You could do something similar with B&W negs, but with much less benefit, with careful developing techniques. Nothing possible with slide film, that is similar to digital in that once highlights are blown, they're gone. I'm wondering though if digital might be made to play the same kind of game, with increased resistance to exposure before it reaches the blowing threshold - some kind of photon over-flow before the pixel well is full?
 
I'm wondering though if digital might be made to play the same kind of game, with increased resistance to exposure before it reaches the blowing threshold - some kind of photon over-flow before the pixel well is full?

In fact it already does to a very limited extent which is why the characteristic curve of a digital sensor is commonly called an "S" curve and is similar to the curves for films.

Once the output from the sensor ceases to be linear at either the top or bottom tonal compression is taking place.
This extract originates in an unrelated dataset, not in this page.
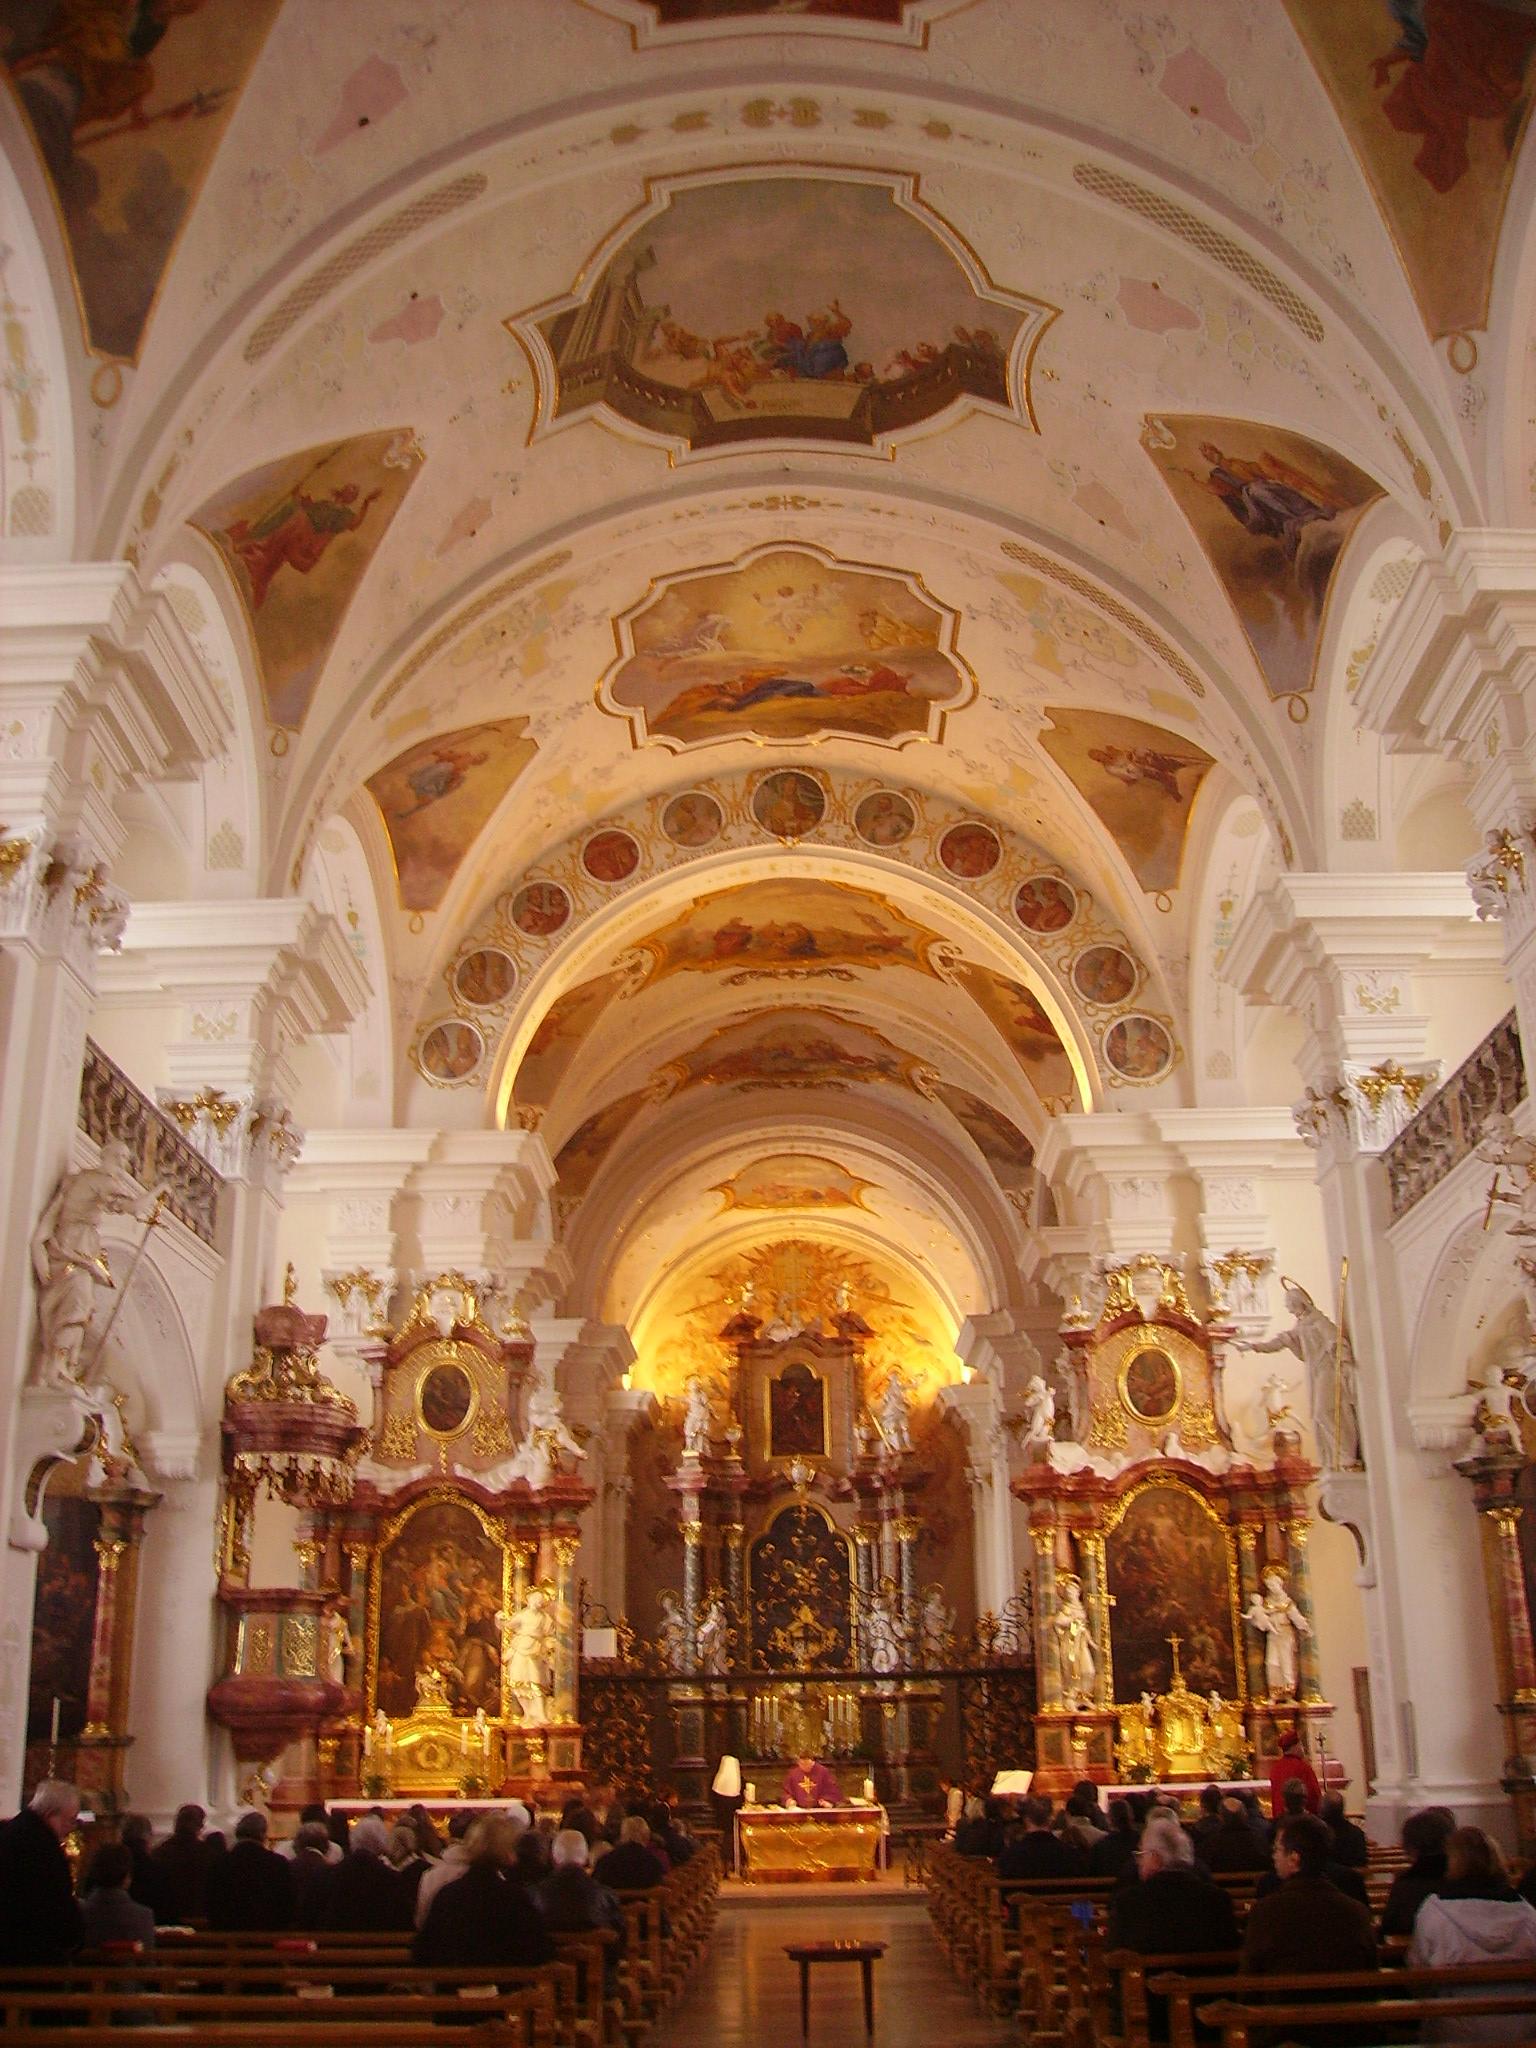 Sankt Peters klosters kyrka Instagram posts - satisfaction-survey.net

At the top this means that extra light no longer produces a linear response in much the same way you suggested.

Personally I believe we are already approaching the limit of current technology and the Nikon D800 with its 36Mp sensor shows why.

The resolution of this sensor now outstrips the lenses available inasmuch as it can actually show diffraction softening at levels we can actually see and even a 1 or 2 stop difference from the ideal produces a visible softening of the images.

In addition noise is much higher than on lower MP cameras even if the larger size images do help to hide it.

If that is the case and 36MP is the limit for Full Frame cameras then the only way to improve is to find ways to reduce noise and increase dynamic range outside the camera with techniques such as NR software and HDR or similar techniques.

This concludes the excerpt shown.